I've a wisdom of 8, and even I know when to stop digging.

Liberty's Edge

Digitalelf wrote:
DM Jeff wrote:
I did, during its entire run. And I know they did that in the Realms

That's fair enough...

However...

Now I'm (honestly) curious...

If you knew that "they did that in the Realms", why did you then start your post with: "Golarion is the most racialy diverse campaign my players and I have ever known? (emphasis mine)

Wow take off a few days and look at the posts! I should have explained myself further, you are correct.

When I typed that, here was my thinking: "Never have I read a campaign setting before that offered such strong and interesting mechanical and story based reasons for players to want to branch out and really get into a human character of a certain ethnicity or nationality."

So to be fair, I should have used that sentence instead. :-)


JonGarrett wrote:
(they have whole nations living on the sun...how is that not fantastic enough?)

Wait what

Tell me more


Since the OP has now cleared up his position, I have to say that I agree somewhat.

I, too, don't like the blatant real world culture ripoffs in Golarion (as well as the terribly generic Golarion dwarves). Don't get me wrong: you can insert your "seafaring raiders from the north", "ancient civilization that built giant mausoleums", or "corrupted revolutionaries" all you want.

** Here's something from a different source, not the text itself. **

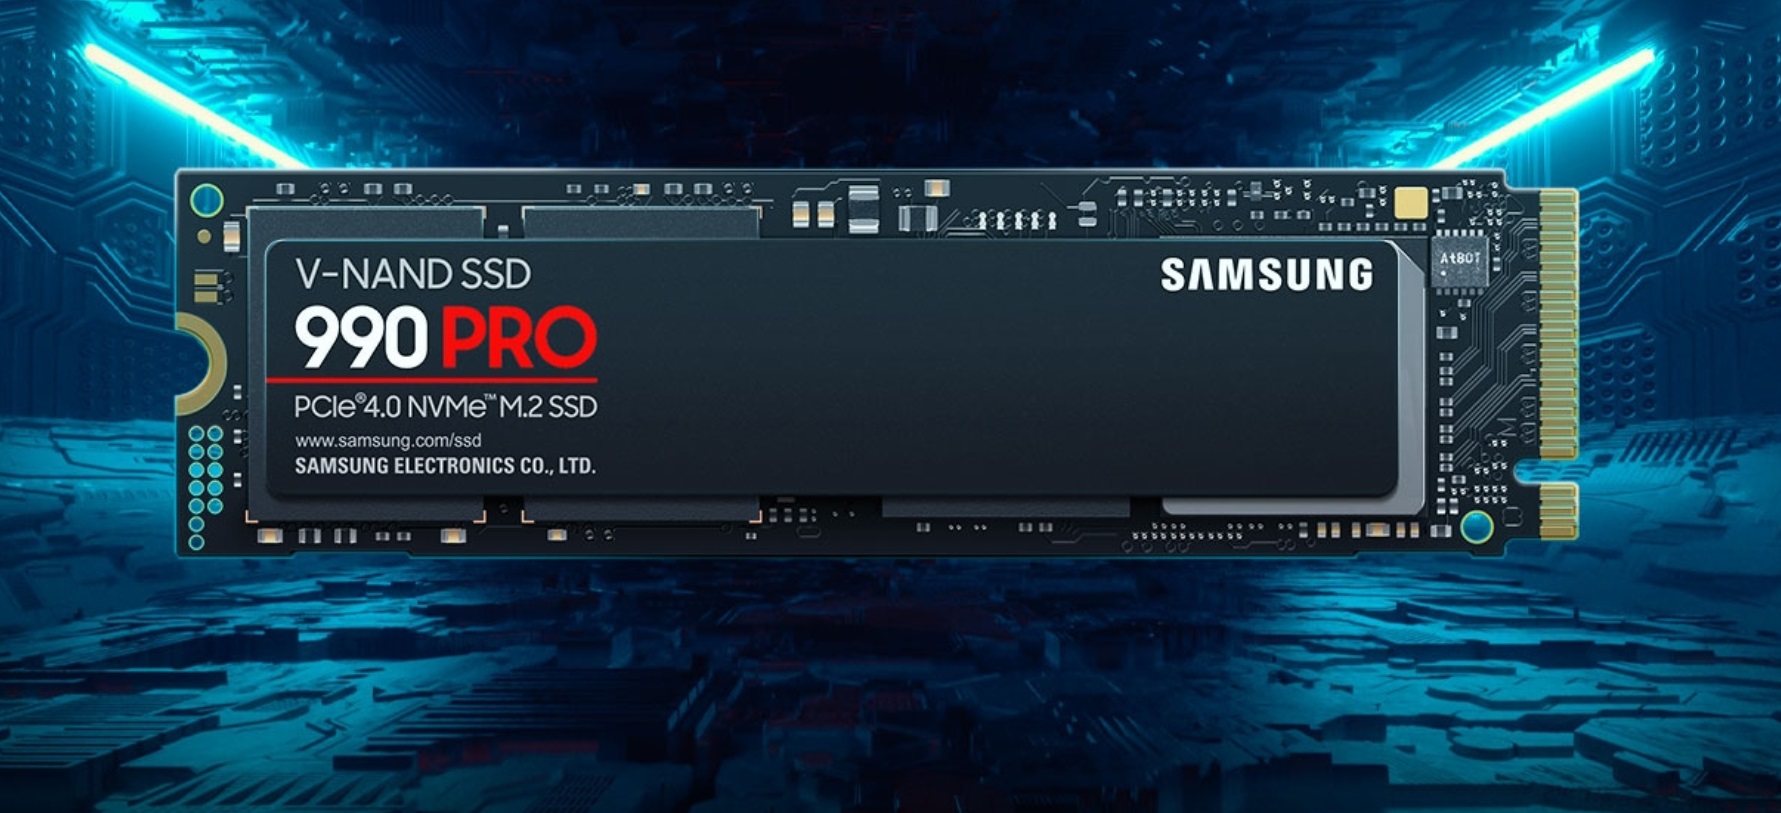 Samsung’s fantastic 990 Pro SSD gets a super-sized 4TB model
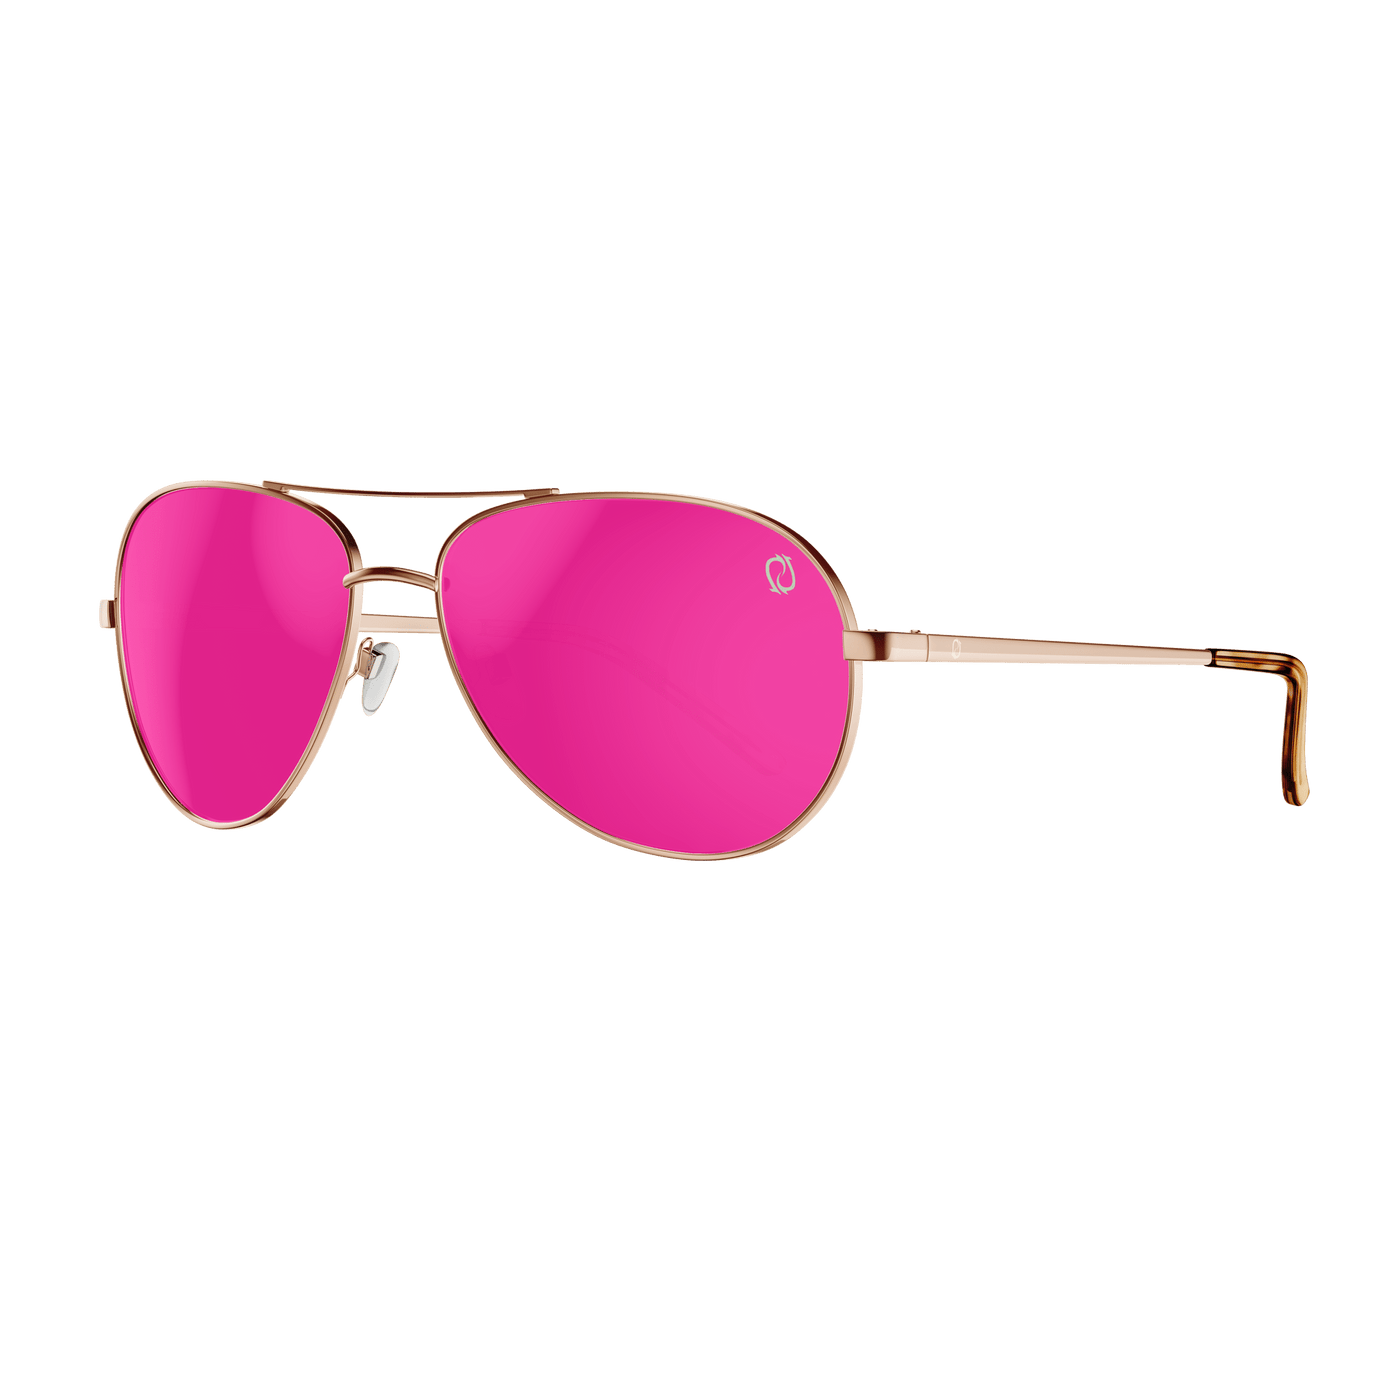 Redtail Republic Sunglasses Accessories Redtail Republic

Something for everyone, and all that.

But by the gods, don't make them Vikings, ancient Egyptians, or French. Don't use the same images and terminology (longships, pharaos, pyramids, guillotines, etc.). That is lazy. Yes, those and other cultures are not quite the same than those in our world. However, the similarities still are too obvious.

Why not twist them further? Gamers usually are a pretty smart bunch, and one or two at every table will get the references even without being clobbered over the head with them.